7. However, there is a lot of substance in the second submission made by Shri Soni that once the Revenue Court (i.e. Mamlatdar) passed an order which has been confirmed in revision by the Revisional Authority, then in a suit, Civil Court should not have granted atleast interim injunction. In support of his submission, he has placed reliance upon sec.22 of the Mamlatdar’s Courts Act. Having carefully gone through the impugned order passed by the learned Judge, it appears that without any concrete material on record, the learned Judge has jumped to the conclusion that there was collusion between defendant no.1 and defendant nos.2 to 7. Unfortunately, the learned Judge has not at all given any importance to the judicial orders passed by the Revenue Courts (i.e. Mamlatdar) and the Revisional Authority. In Revenue matters, the orders passed by the Revenue Courts are to be respected. However, it was vehemently submitted by the Senior Counsel Mrs.Mehta, that in collusion the defendant no.1 and defendant nos.2 to 7 obtained orders from the Mamlatdar and the Revisional Court. This submission of Mrs.Mehta can not be accepted for the simple reason that before execution of sale-deed by the defendant nos.2 to 7 in favour of the plaintiffs, the suit was already filed by the original defendant no.1.
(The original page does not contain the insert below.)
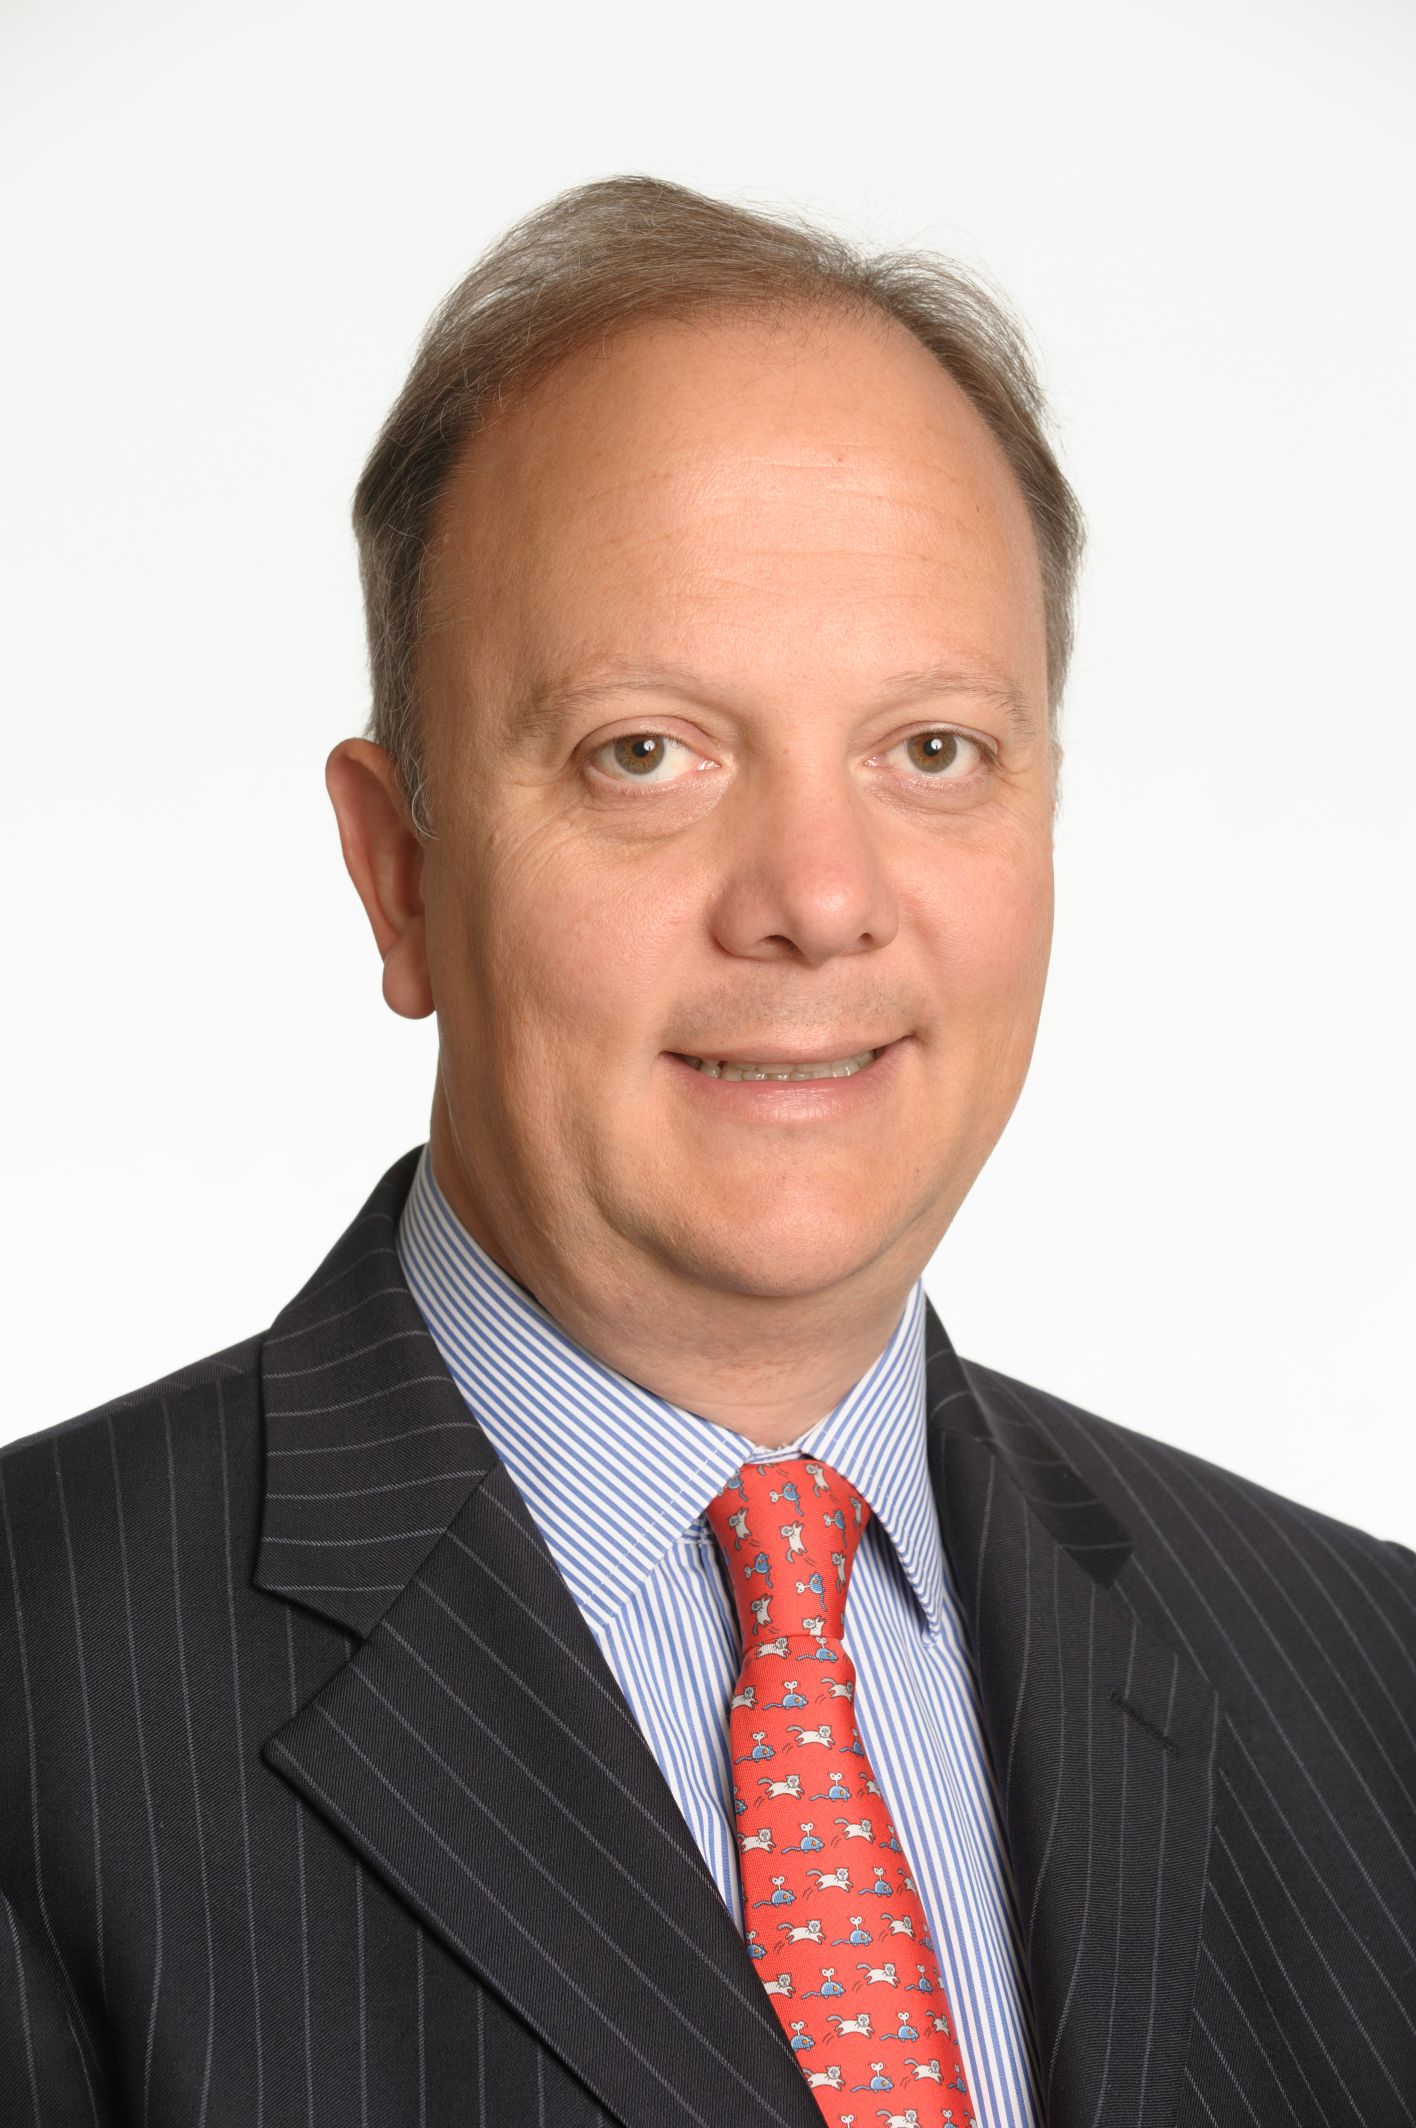 Dominic Broom is global head of trade business development at BNY Mellon

8. Mrs.Mehta then submitted that, after the sale deed was executed in their favour, the plaintiffs have put up the gate on the plot in question and they are cultivating the land where there is standing crop, therefore, if the injunction granted by the trial Court is vacated then that will cause irreparable loss to them. Gate was there or not at the time of execution of sale deed has to be decided. However, at the cost of repeatation, I may state that when the Revenue Authorities have found that there was a way then it has to be kept open. It is true that presently there may be standing crop, but a care may be taken of it by observing that the plaintiffs may be allowed to take the crop and thereafter, they may keep the way open till the final disposal of the suit.

9. In view of the above discussions, this Appeal is allowed and the impugned order dated 18-5-2001 passed by the learned Third Joint Civil Judge (S.D.), Surat below Application Ex.5 filed in Special Civil Suit No.151/2001 confirming the earlier ex parte order of status quo dated 9-4-2001 is hereby quashed and set aside and the application filed by the respondents (original plaintiffs) is hereby dismissed with no order as to cost.

10. At this stage, an unusual request is made by Mrs.Mehta for the respondents to continue the status quo for a period of six weeks. When no status quo was granted by this Court, then there is no question of continuing the same for a period of six weeks, hence, the request is rejected.